Returning visitors to your website will likely show a different predicted conversion rate, so put them into a list so you can bid differently. Analyse the incrementality so that you can bid less for returning visitors if necessary. Put users who make a purchase in your list so that you can identify those who have shown they're willing to engage with your brand.
Most marketers follow the above strategies, but many stop there. Follow the next step: segment users based on categories that are relevant to your own marketing strategy. If a user bought an expensive bed, they're more likely than average to be interested in expensive bedding. If they reached your site via a search for "cheap flights to Rome" then you can forever tag that user as being price sensitive.

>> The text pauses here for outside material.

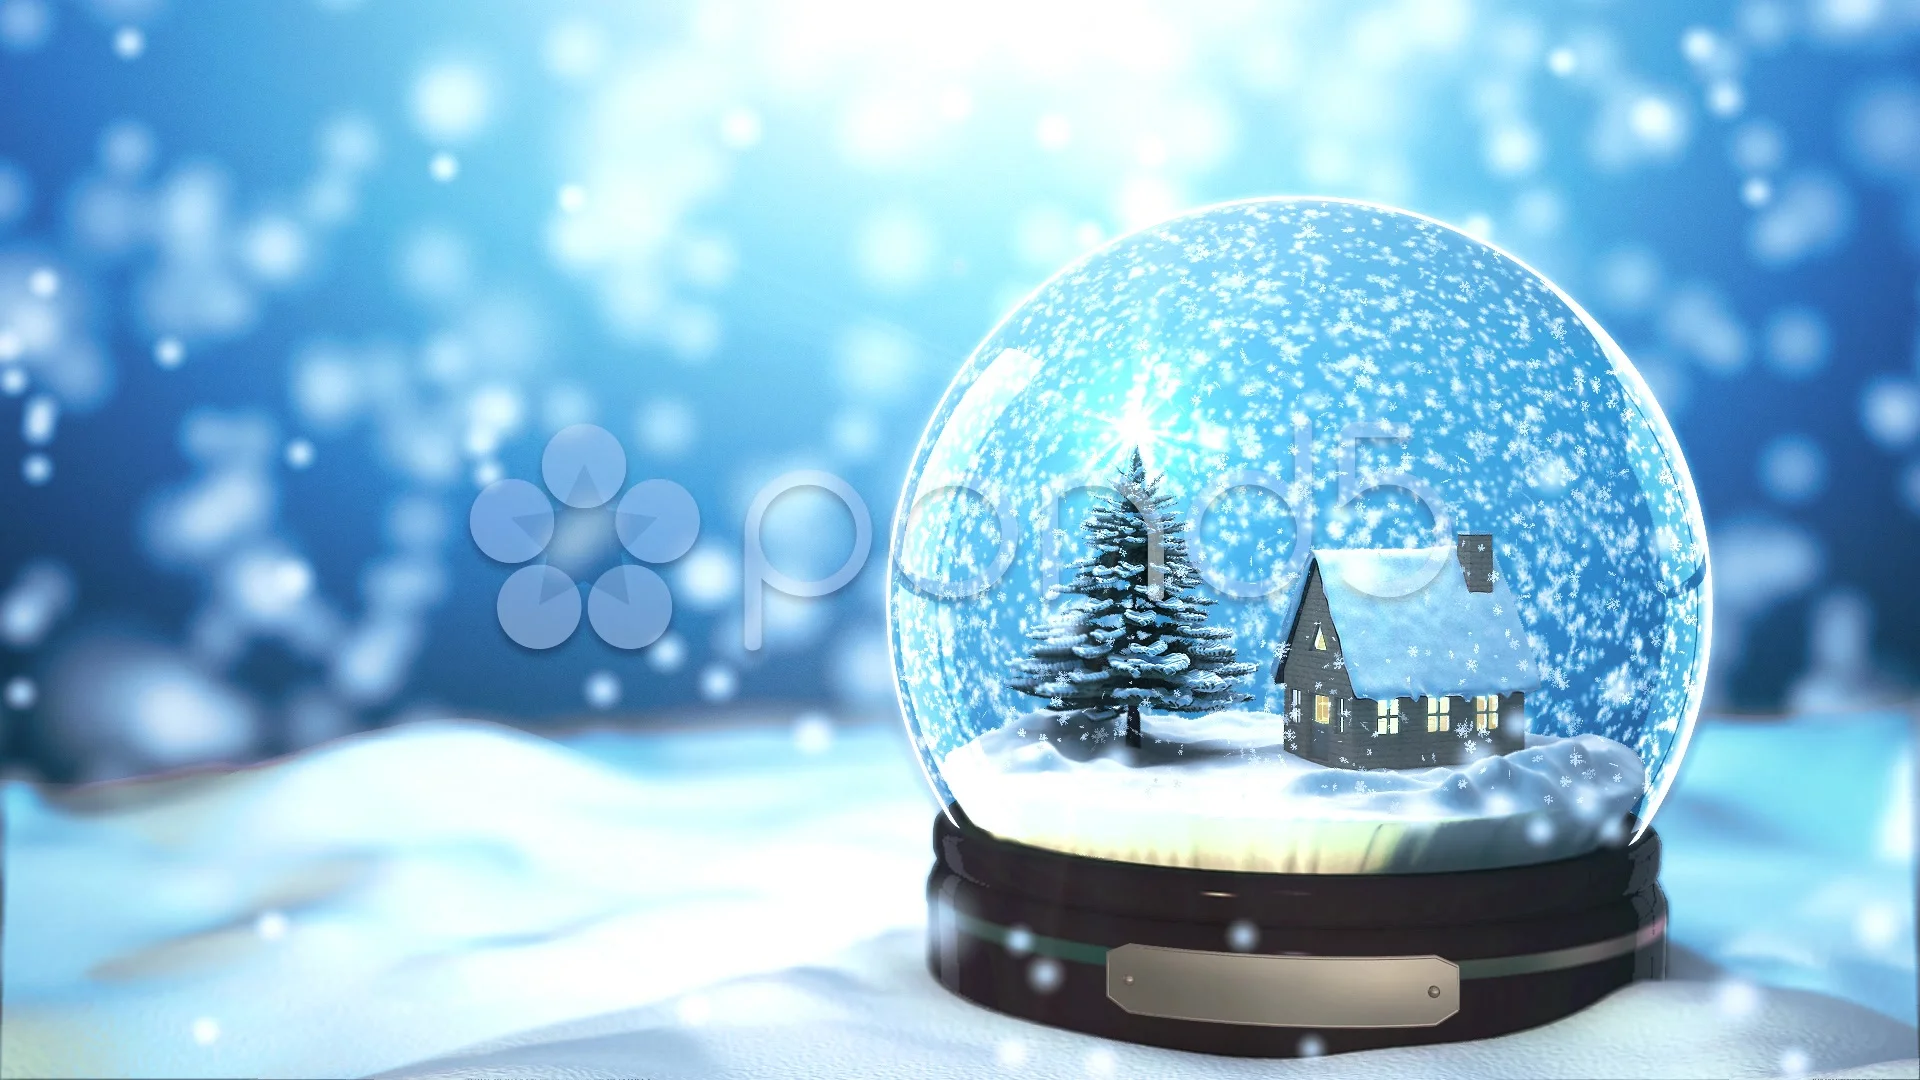 Video nền cầu tuyết Giáng sinh sẽ khiến bạn say đắm và thích thú. Những hình ảnh tuyết trắng rơi nhẹ nhàng và không khí Giáng sinh đang ập tới sẽ mang đến cho bạn trải nghiệm mới lạ và đáng nhớ. Hãy tận hưởng thời gian này cùng những người thân yêu của mình.

The third party data market can cover a lot of useful segments, but with some key downsides:
• There is little transparency about how the data is collected, so you can't judge accuracy.
• Very few understand how people move across devices, so you lose key behavioural indicators.
• Cookie expiration dates mean that old data can become useless quickly.
• You can't use third party data in targeting on search.
By looking at your own customers you know that you're seeing accurate data that is hugely relevant to your brand. You can use this to retarget, or more powerfully you can use this to target look-a-likes.
Lookalike modelling is available in many platforms, and can extend the wonderful customer segmentation you've done on your website visitors to find other users around the web whose behaviour is similar. If you sell posh green wellington boots and your best customers spend a lot of time reading both "Country Living" and "Good Housekeeping", then you can target only users that regularly read both sites. At an extended scale this lets you expand your targeting into prospecting, but based on the segments that matter to your business.
Lookalike modelling (and buying media on partners that index closely to your audiences) based on more sophisticated segments of your website visitors is reasonably rare, but the next stage is more rare and more valuable: defining those segments based on your CRM data.
Marketers often think of CRM as an email channel. A list of people who have engaged directly with your brand in the past. Some savvy brands start to analyse that data and tag the "best next action" for each user based on their history. Has an energy contract but not a service contract? Great, that's a tag that a service contract is the next upsell. That insight tends to stay inside the database, or maybe targeted email lists.
By exposing that best next action to the website when an existing customer logs in, they can be placed into an appropriate retargeting list. A DMP, a web analytics package or even a tag manager can all fire the right tag at the right time (or populate the right variable into an existing tag) based on a variable on the page put there by the CRM database. Imagine being able to do lookalike modelling on the existing customers who fit into a "frequent purchaser" segment, or a "high value purchase" segment, or even a "pays promptly" segment…
We're getting into some quite unusual but very valuable turf now, but we can go further. So far all of our data has been implicit: we've inferred it from a user's purchases, searches or website browsing. But it's well within our scope to simply ask them. This might be heavy-touch (e.g. a long incentivised survey) or light-touch (like allowing them to rearrange their homepage to remove content they don't like). We might offer them a way to improve their experience as a customer, or we might slide in a single-question choice once every few visits. Either way that data can be used to enrich the segment they're in.
This explicit data is more valuable than anything we can learn implicitly, because it comes straight from the user's own preferences about how we should talk to them. Expect data enrichment to be a core pillar of a wide range of digital agencies' services in 2017 as it breaks out from email and into media targeting.